La conciencia de que el expolio arqueológico es un crimen que causa daños irreparables en el patrimonio es una realidad que aún no ha terminado de crearse en España. Para muchos, salir al campo con un detector de metales, buscar monedas antiguas o desenterrar piezas de cerámica continúa siendo una afición permisible, hasta el punto de que algunos medios de comunicación siguen catalogando estas actividades dentro de su oferta de ocio para el fin de semana.

Sin embargo, en esta ocasión la ley va por delante de la conciencia, y los delitos contra el patrimonio comienzan a penarse con mayor severidad. Una lección que dos jubilados de Aragón pueden estar a punto de aprender de la forma más dura. Ricardo Granada y Mariano Ostalé fueron detenidos en el año 2013 como culminación de una larga operación de la Guardia Civil contra el expolio arqueológico y el comercio ilegal de antigüedades. La pareja de acusados efectuaba sus saqueos en el poco conocido y escasamente protegido yacimiento de Aratis, muy rico en restos de época ibérica pero por el momento excavado de forma muy insuficiente pese a contar con la categoría de Bien de interés Cultural. Granada y Ostalé extrajeron durante décadas piezas de diverso valor, vendiéndolas en el mercado negro y creando una red de relaciones que llegaba hasta coleccionistas de todo el mundo.
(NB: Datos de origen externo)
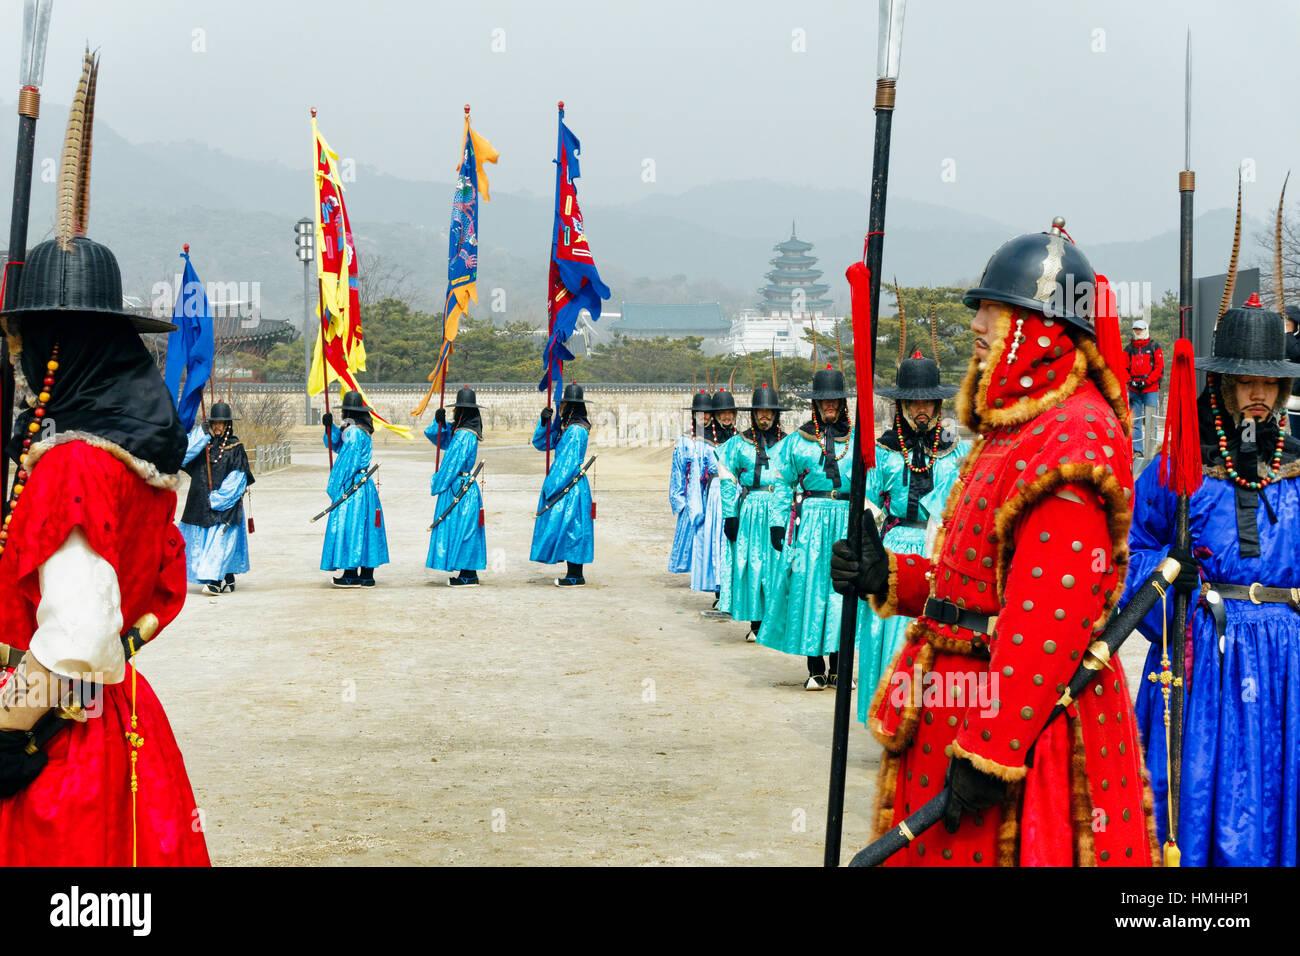 Cérémonie d'inspection de la Garde royale, Gyeongbokgung, Séoul, Corée du Sud Banque D'Images

Fue precisamente una colección de magníficos cascos ibéricos lo que puso a las autoridades sobre la pista de estos saqueos. Desde Alemania y Austria llegaron varias alertas de que los cascos, que tras la muerte de su comprador salieron a subasta, podían proceder de excavaciones ilegales en algún punto de Aragón, pero los responsables en España tardaron varios años en reaccionar con contundencia.

Al ser detenidos, los agentes encontraron en posesión de los acusados casi 5.000 piezas arqueológicas de diversa procedencia y valor, desde monedas y restos cerámicos a esculturas de mayor valor. Cinco años después de su detención se ha celebrado por fin el juicio contra los dos acusados, que se enfrentan a la posibilidad de una condena de siete años de prisión por expolio de patrimonio y venta ilegal de material arqueológico. Dentro de la acusación se han personado tanto el gobierno de Aragón como el Ayuntamiento de Aranda de Moncayo, término municipal en el que se encuentra el yacimiento de Aratis saqueado por los acusados. De lograr evitar la prisión, los acusados tendrían que pagar una multa que superaría los 100.000 euros.